How can I reduce my chances of being hacked?
The most effective approach to reducing your chances of getting hacked is to ensure your website and email accounts are secure. Start by following these simple best practices, which apply to all web platforms.
Strengthen All Passwords
Strengthening your password is the best way to stop hackers. The days of using “password” for your email or site password (don’t laugh, I’ve seen it) are long gone.
A strong password:
- is 8 characters or longer
- does not contain any dictionary words
- has upper and lowercase letters
- includes at least one number and one special character
Random passwords are best. You can use one of the many random password generators available online. If you have a cPanel account, a password generator is built in, as are most password managers.
Don’t worry if it’s difficult to remember. Most browsers, email clients, and other programs will store your passwords for you. There are also several password manager options available.
You can even go a step further and use two-factor authentication (2FA) for your applications. While not all services support 2FA, the list of those that don’t gets smaller every day.
Never Reuse Passwords
It seems that everything needs a password these days. Emails, bank accounts, social media… It can be difficult to remember all of these passwords.

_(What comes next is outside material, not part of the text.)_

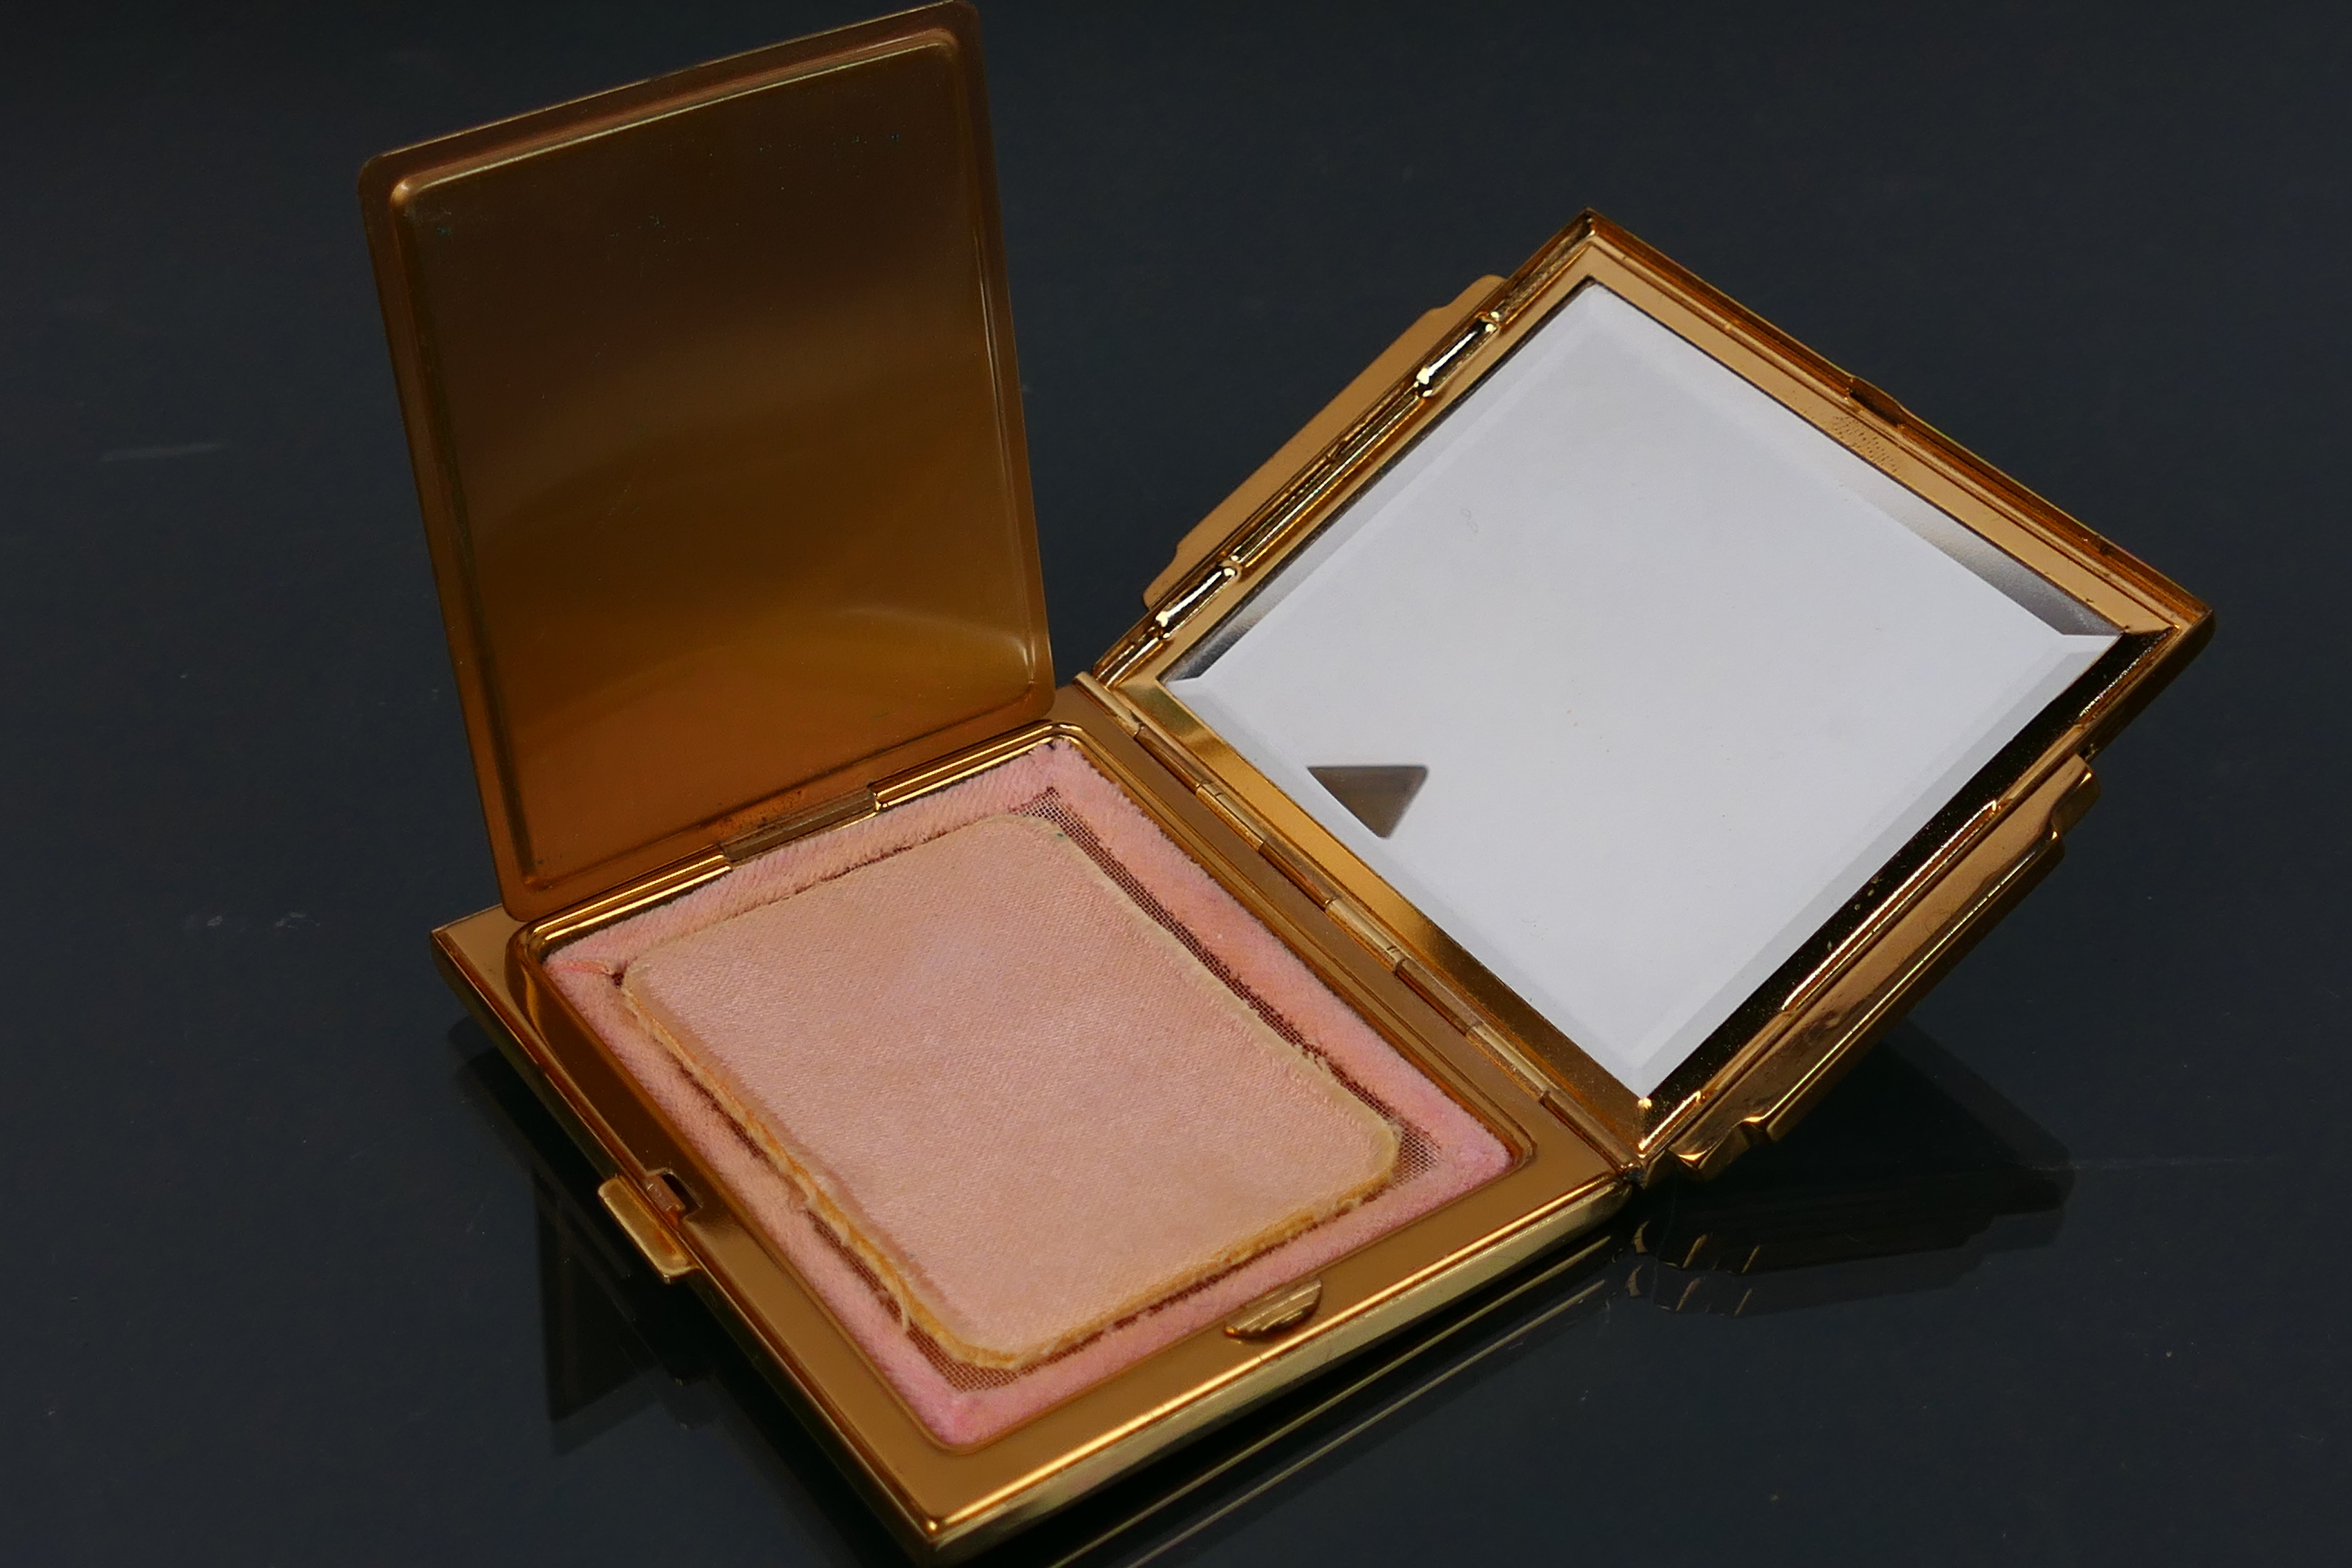 AGME - A mother of pearl faced art deco style powder compact. - Image 7 of 9

To make things easier, you can use the same password for all of your accounts, right?
WRONG!
This can be disastrous. Most accounts use your email address and password for authentication. If you use the same email and password for all of your accounts, if even one account is compromised (maybe an account with lower security, like a newsletter), all of your accounts are now compromised. Your bank will have several layers of security to protect your information from being stolen. That bird-watching blog that you visit most likely does not.
Hackers are aware that most people use the same password for multiple accounts. So, if your Facebook account gets compromised, the next thing the hackers do is try to log in to your email account. If successful, they now have access to all your accounts that use that email as a username. Even if your other accounts use a different password, they can potentially use the password reset on the login page to gain access.
As mentioned above, the best method for protecting your accounts is to use a different, randomly generated password for each account, and then manage them with a secure password manager. But if you do decide to use the same password for all accounts, at least use a different password for your email address. While this is still not very secure, it will lessen your exposure.
Add an Email Filter
Most account “hacks” are caused by phishing emails and spam. While your email account has a spam filter installed by default, you can also use an external email filter to help filter out unwanted spam and phishing emails.
One of the most effective and affordable solutions is Email Defense, found in your client area, which provides an advanced spam filter plus virus protection. It helps keep your accounts secure by blocking spam and quarantining potentially dangerous emails.
SSL Certificates
You can purchase an SSL certificate from your client area to help protect sensitive customer data on your site. When you purchase and install an SSL certificate, your site will change from HTTP to HTTPS (the “S” is for “Secure”). Your customers will instantly recognize that their information is protected, which can lead to increased traffic to your site. Additionally, Google is placing increasing emphasis on whether a site has an SSL certificate installed, so strengthening security with SSL encryption will also boost your search rankings.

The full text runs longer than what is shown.